-- Problem description --
From the records below, output exactly the lines running from the line containing "Nuclear Green Blastomussa Wellsi Coral" through the line containing "Miss Margaret Gordon", and no others.

=== Data for this task ===

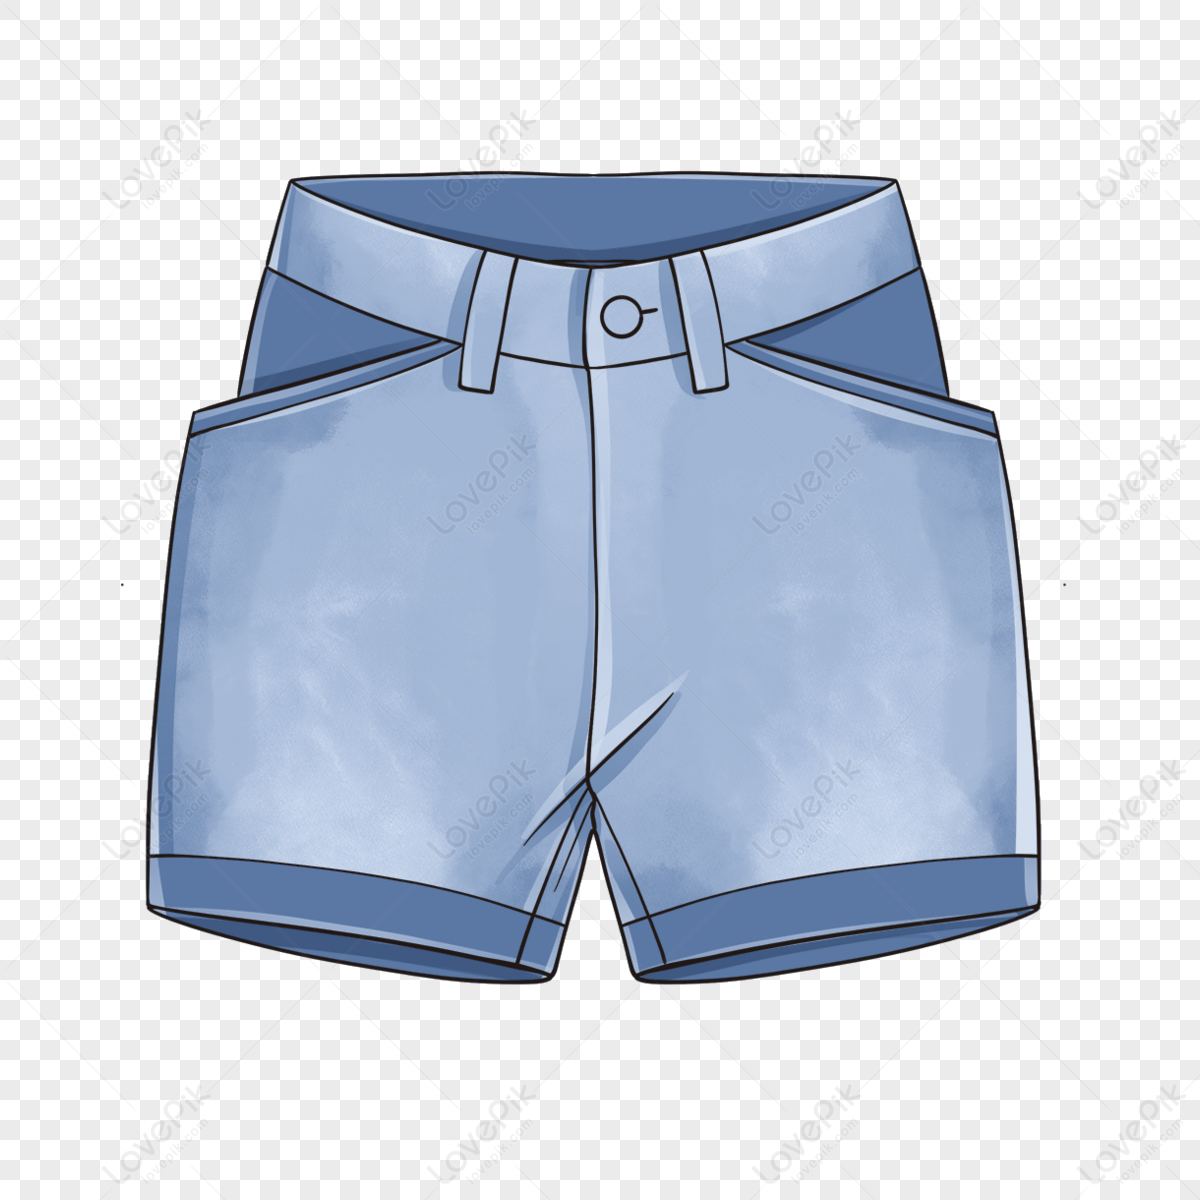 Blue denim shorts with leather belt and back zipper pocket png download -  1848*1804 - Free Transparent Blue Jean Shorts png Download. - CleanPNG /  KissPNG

===
=== Data for this task ===

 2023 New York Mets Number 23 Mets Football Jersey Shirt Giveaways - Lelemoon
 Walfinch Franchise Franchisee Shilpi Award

===
=== Data for this task ===

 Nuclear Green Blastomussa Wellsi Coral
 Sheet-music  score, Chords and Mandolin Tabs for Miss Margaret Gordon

===

-- Answer space --
 Nuclear Green Blastomussa Wellsi Coral
 Sheet-music  score, Chords and Mandolin Tabs for Miss Margaret Gordon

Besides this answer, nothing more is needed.